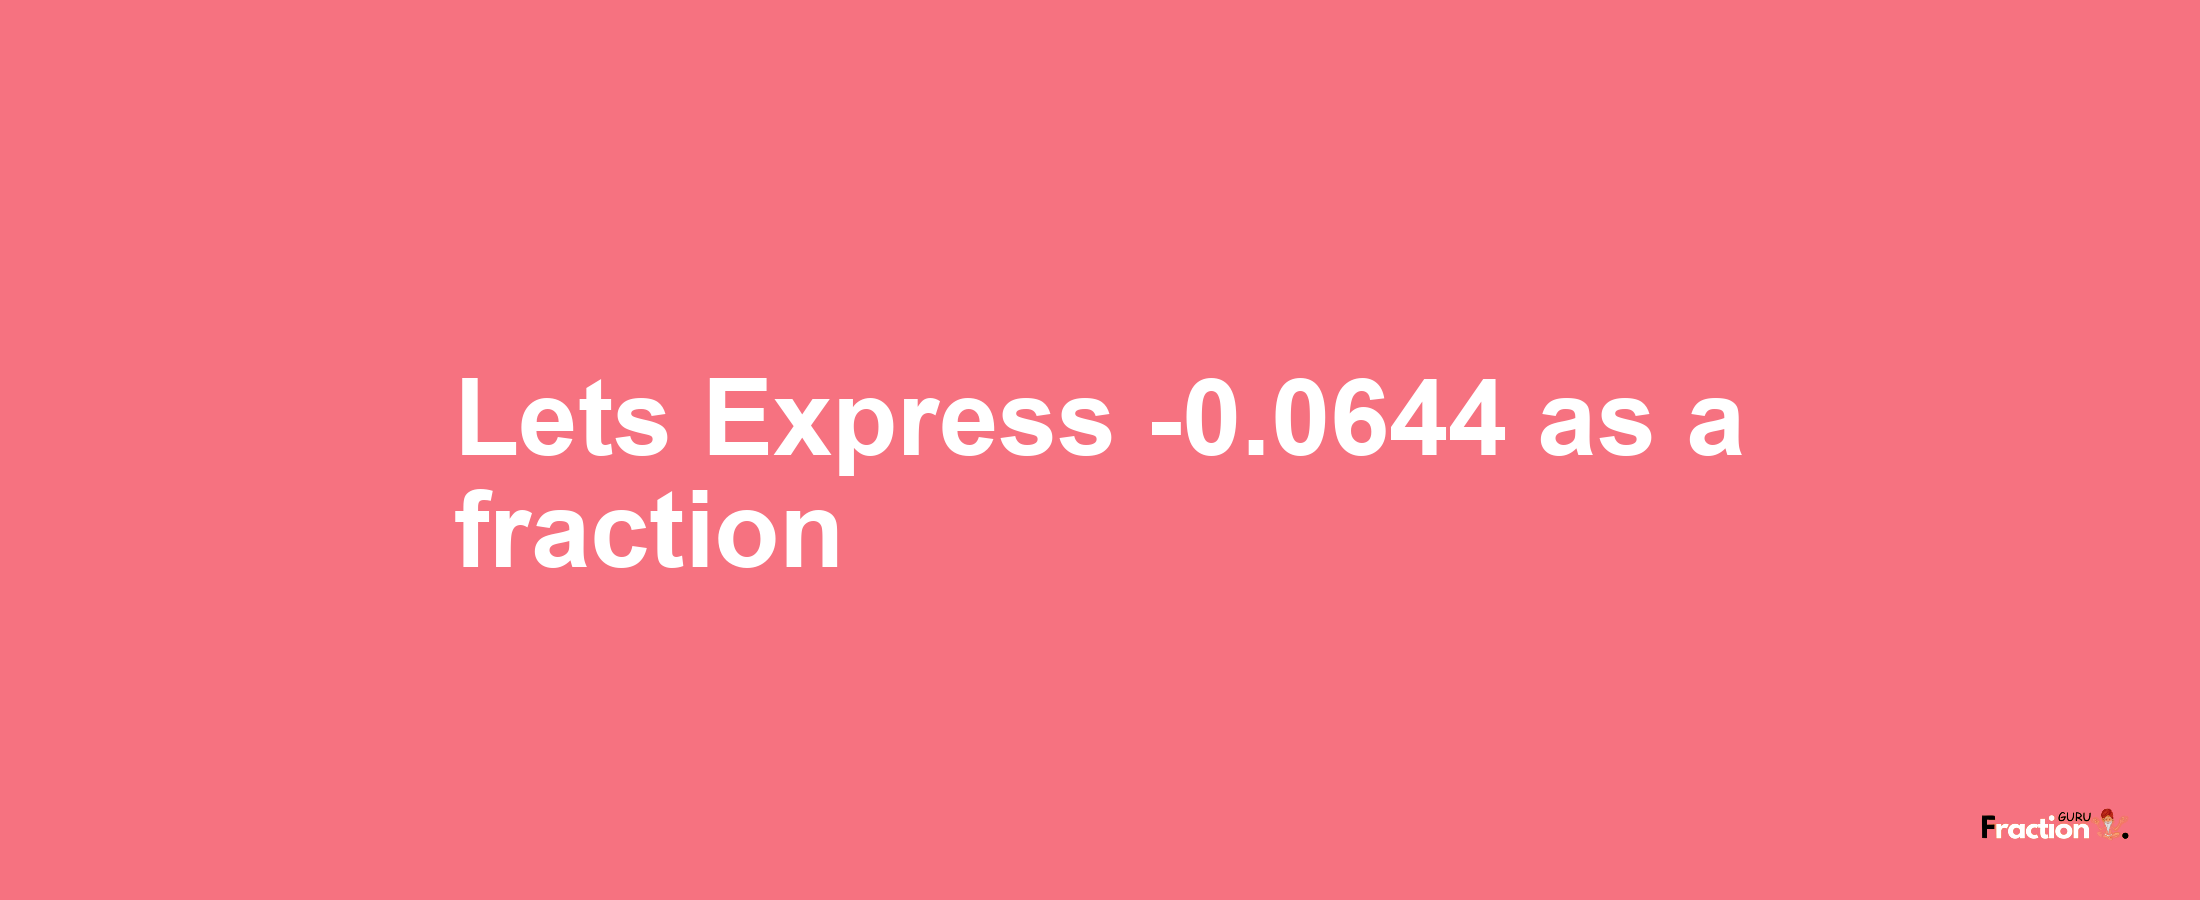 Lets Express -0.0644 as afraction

---

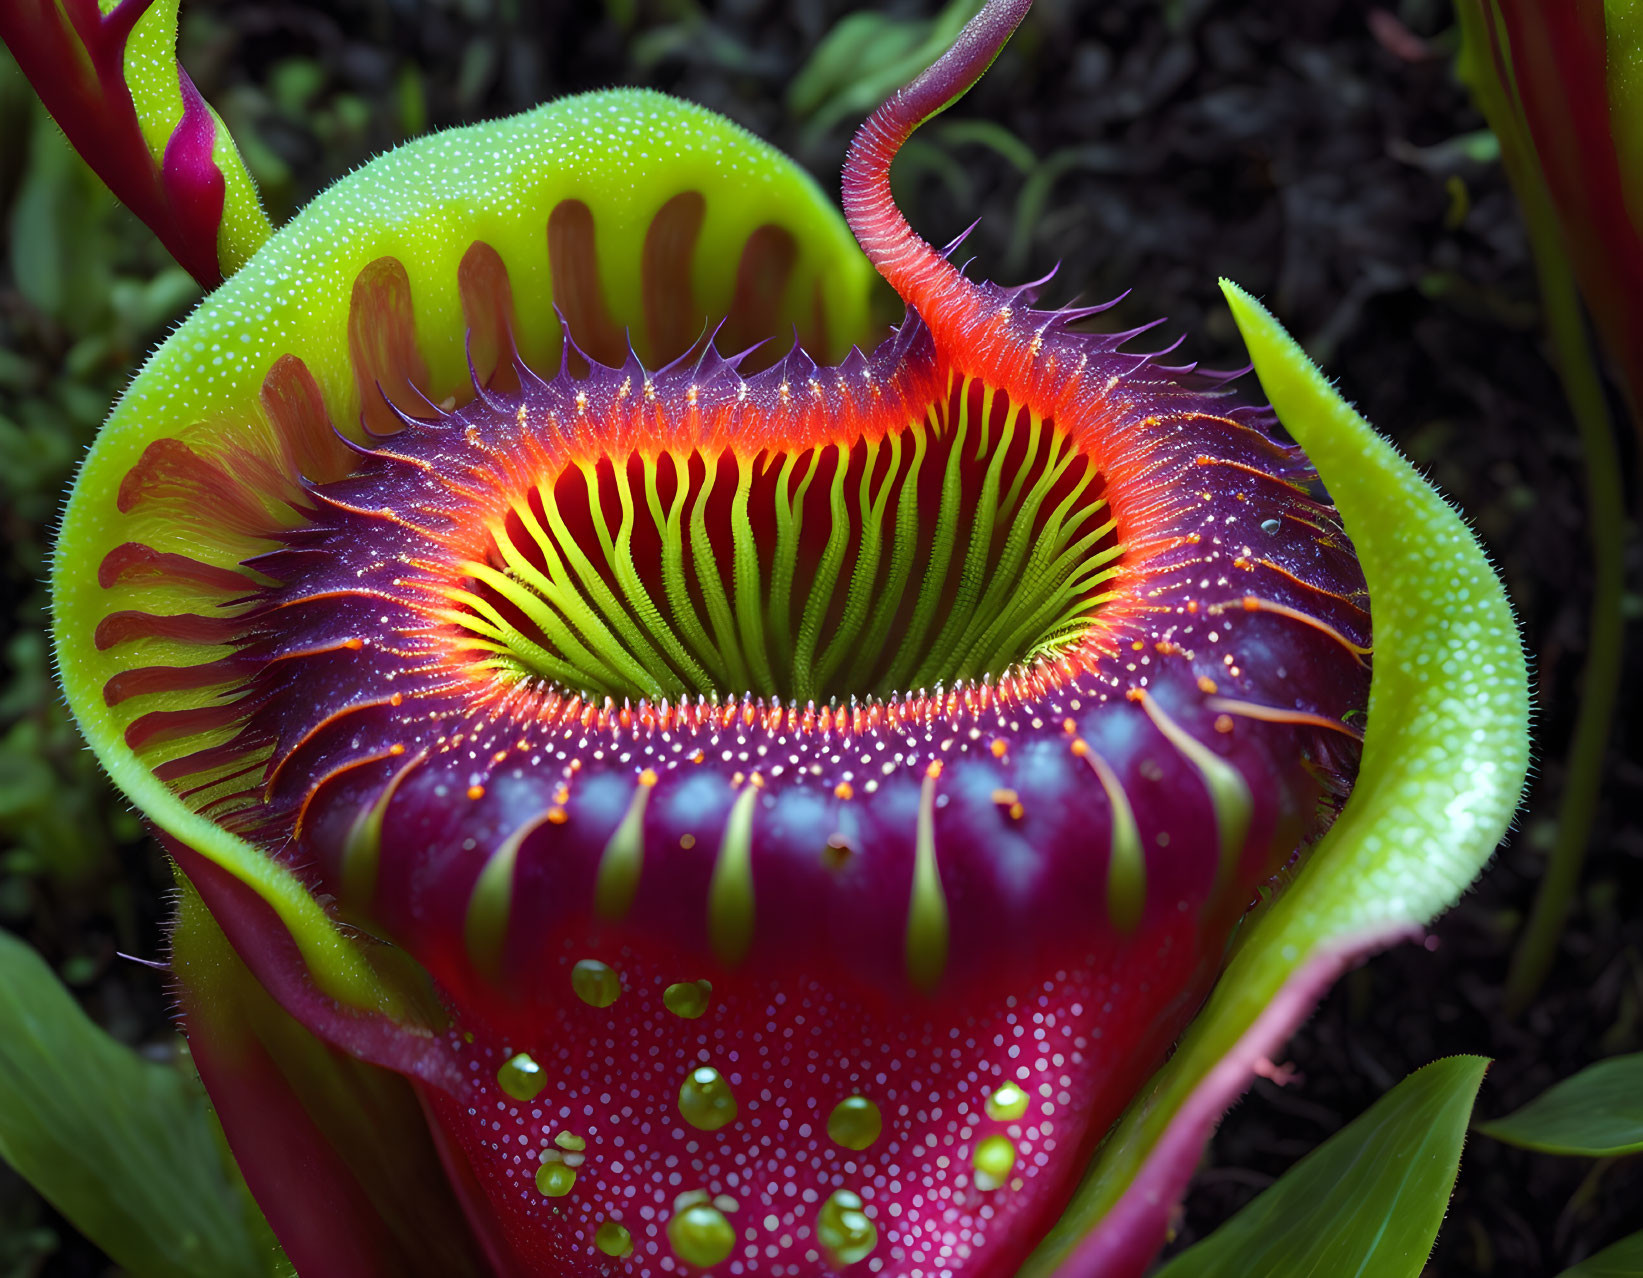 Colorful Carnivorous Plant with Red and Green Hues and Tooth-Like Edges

==

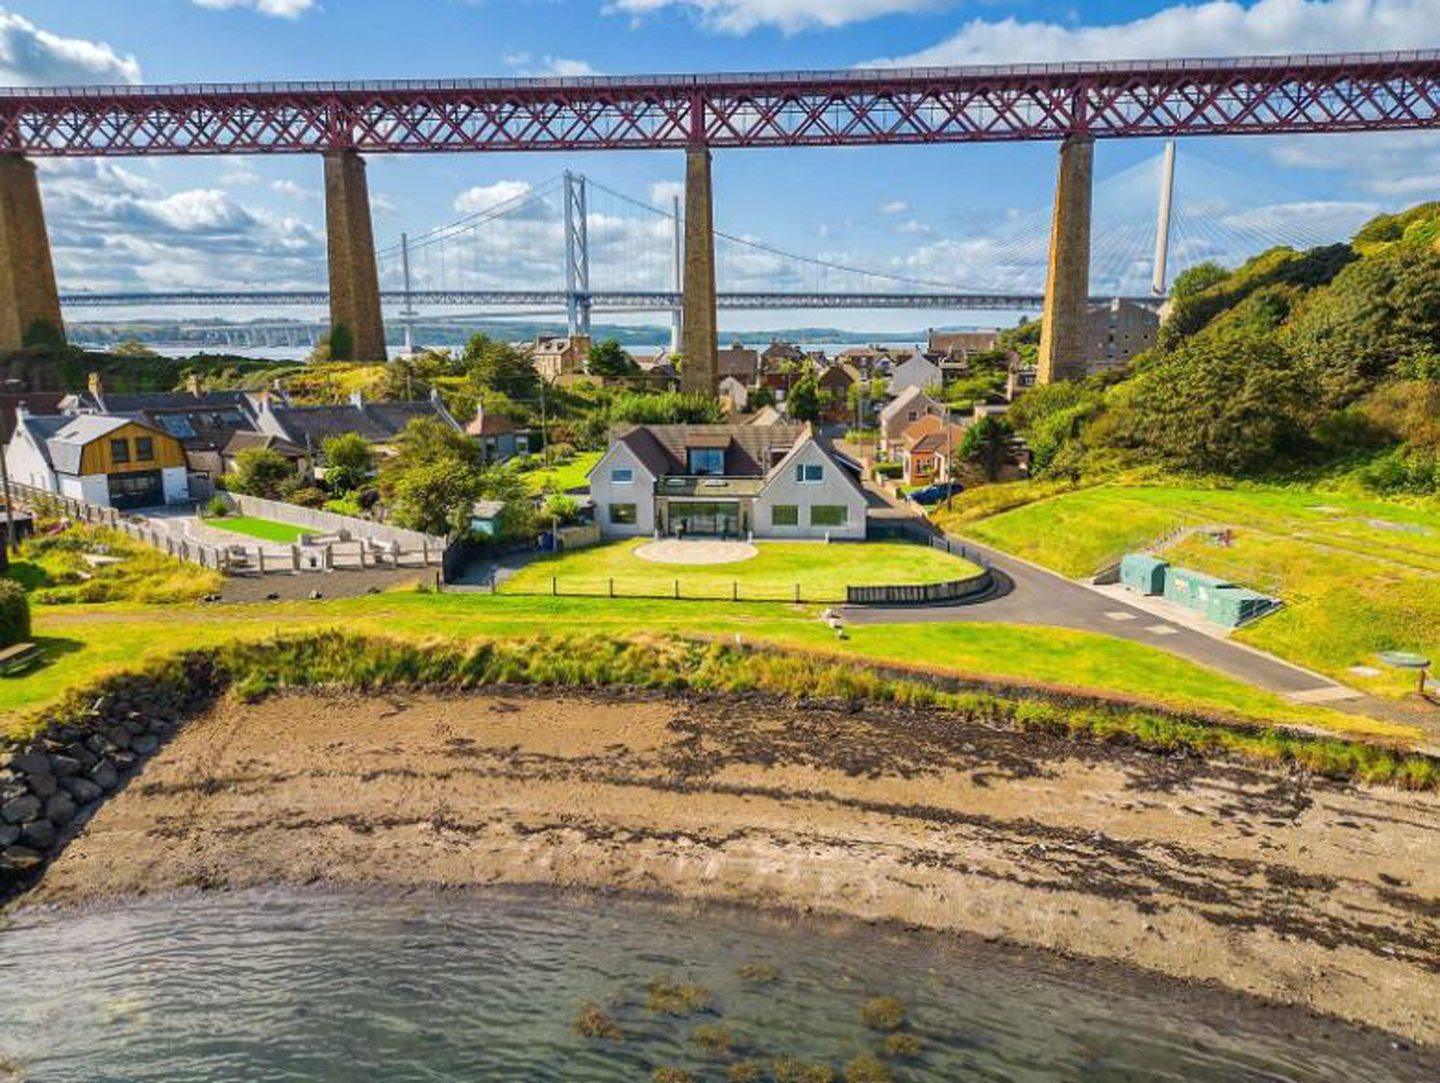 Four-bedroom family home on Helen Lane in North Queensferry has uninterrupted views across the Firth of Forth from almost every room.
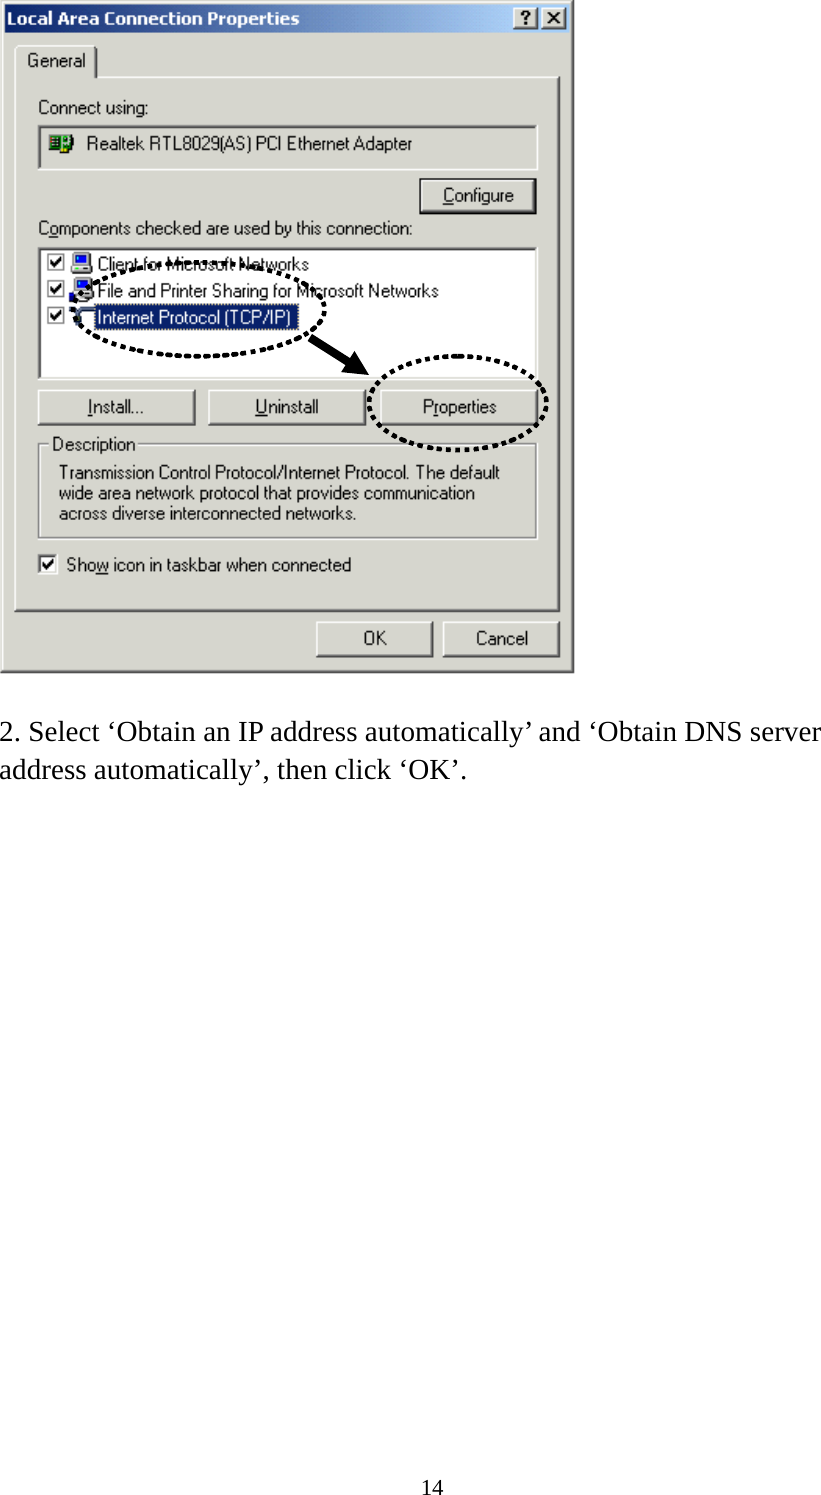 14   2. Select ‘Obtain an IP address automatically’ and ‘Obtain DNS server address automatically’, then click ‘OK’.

ASSIGNMENT: Within these entries, output exactly the lines starting at the one with "Four-bedroom family home" and finishing at the one with "then click ‘OK’.". Leave pictures out of the output.

OUTPUT:
 Four-bedroom family home on Helen Lane in North Queensferry has uninterrupted views across the Firth of Forth from almost every room.
 14   2. Select ‘Obtain an IP address automatically’ and ‘Obtain DNS server address automatically’, then click ‘OK’.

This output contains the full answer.